[What you will do]
Copy word for word the lines of the records below, beginning at the one with "Modern green Metallic" and finishing at the one with "Электронный манок Hunterhelp", ends included, but none of the pictures.

[Exercise input]
============================================================
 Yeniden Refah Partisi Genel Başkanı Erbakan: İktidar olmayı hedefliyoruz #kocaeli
============================================================
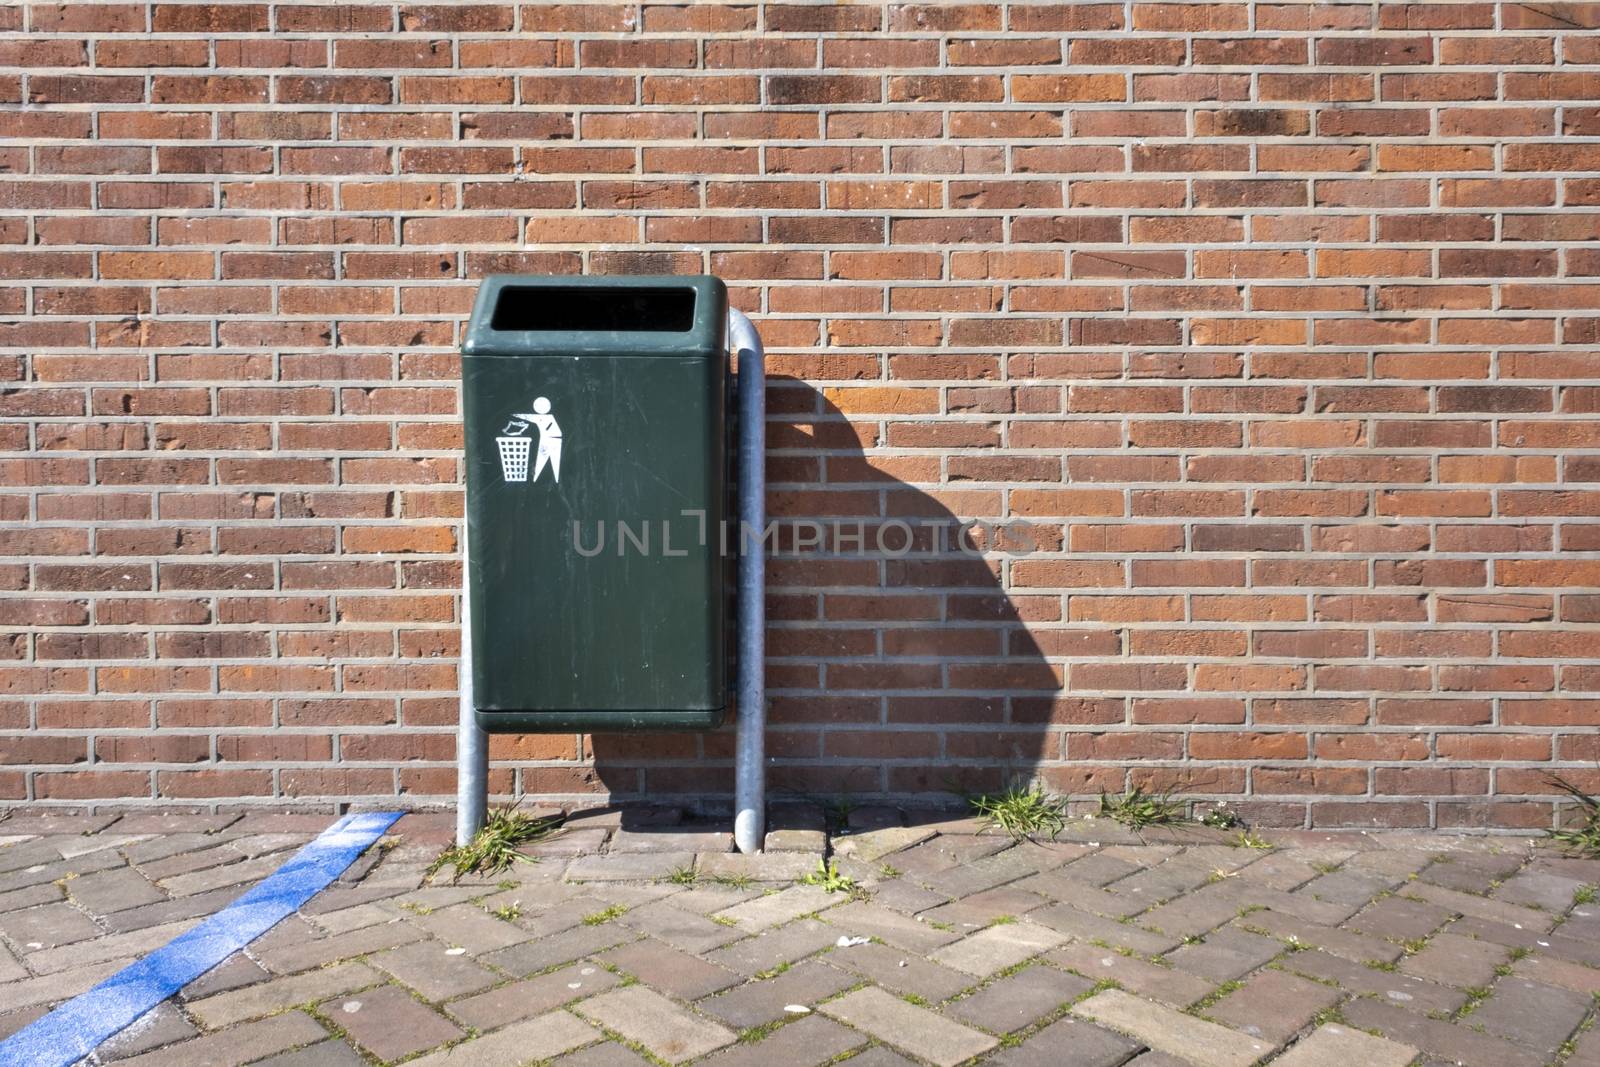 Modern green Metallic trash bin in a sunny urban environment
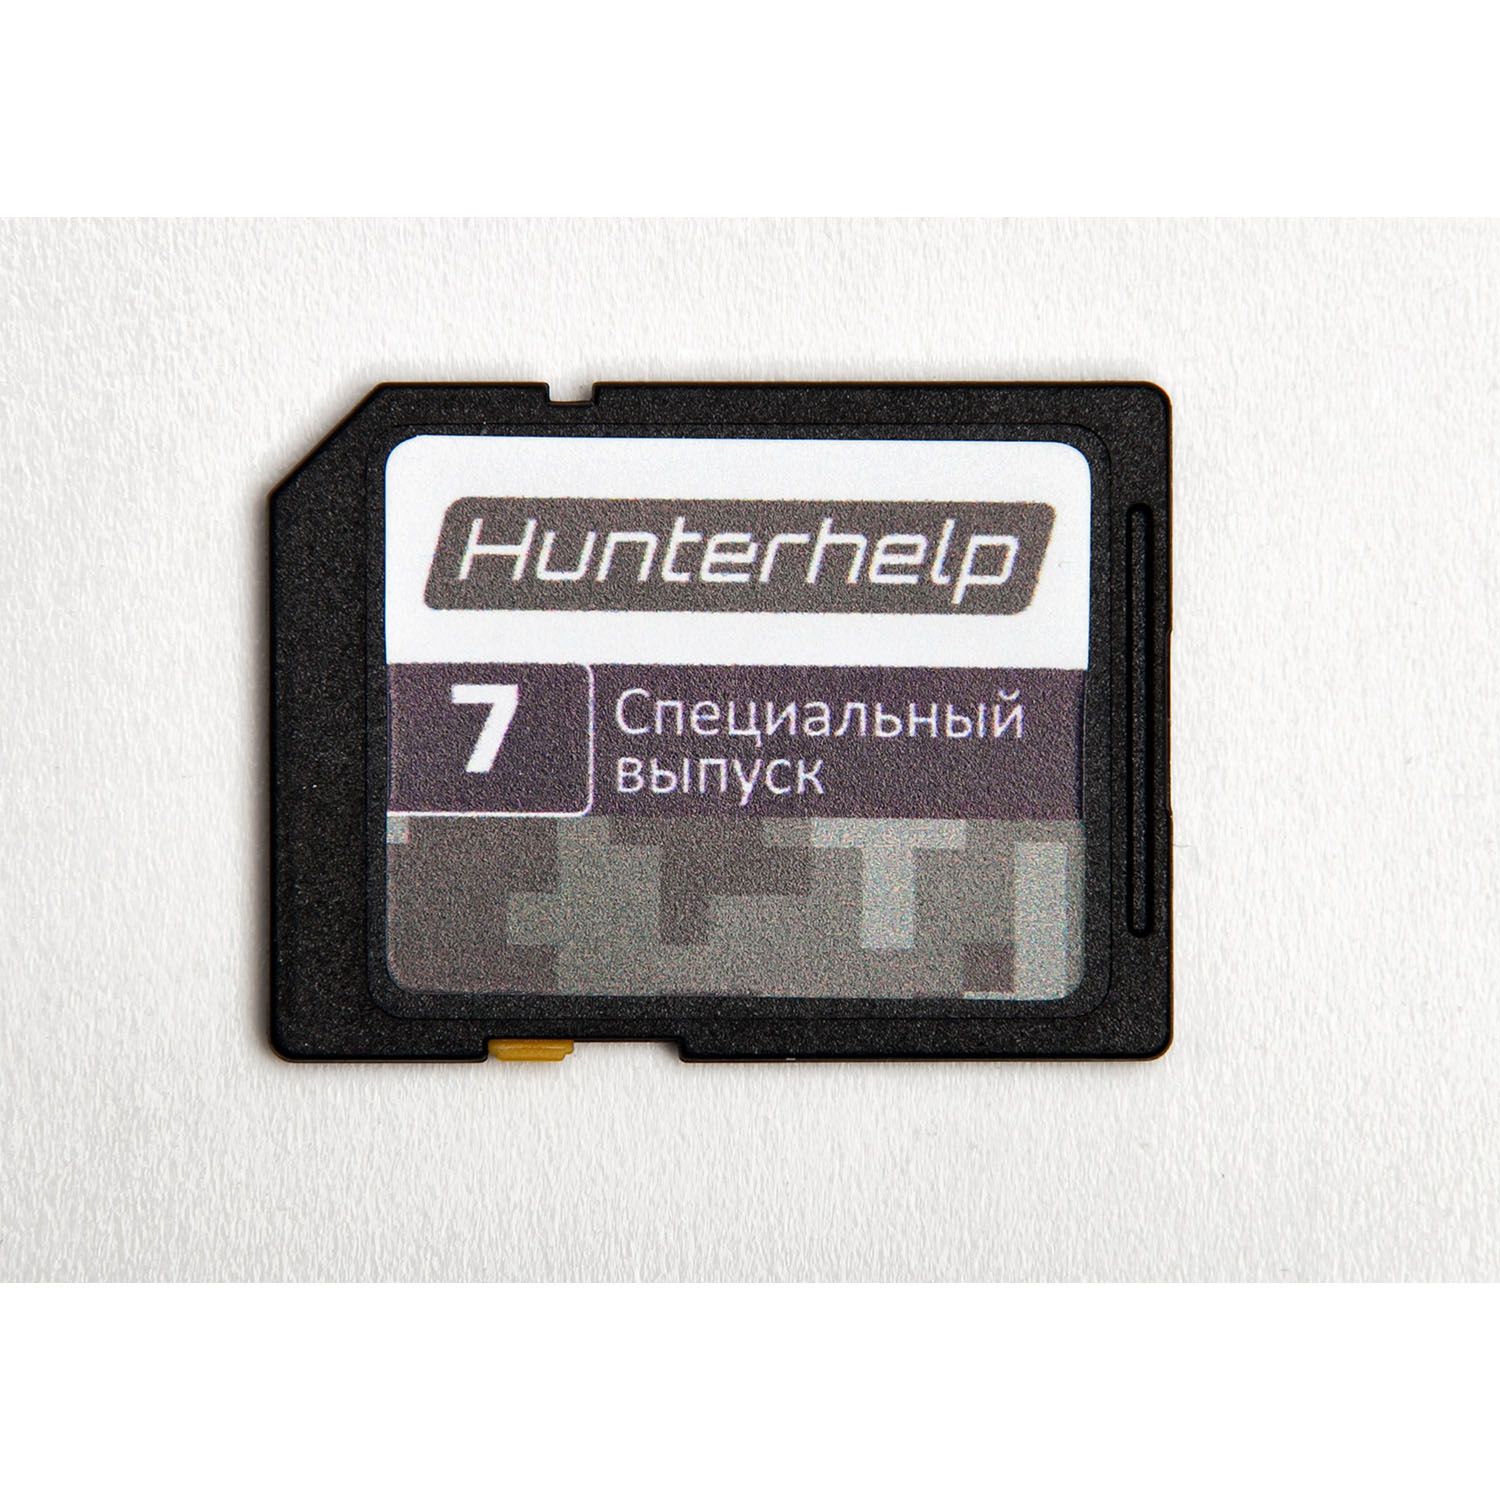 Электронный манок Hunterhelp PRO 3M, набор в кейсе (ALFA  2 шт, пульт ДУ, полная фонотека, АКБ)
============================================================
[Solution below]
 Modern green Metallic trash bin in a sunny urban environment
 Электронный манок Hunterhelp PRO 3M, набор в кейсе (ALFA  2 шт, пульт ДУ, полная фонотека, АКБ)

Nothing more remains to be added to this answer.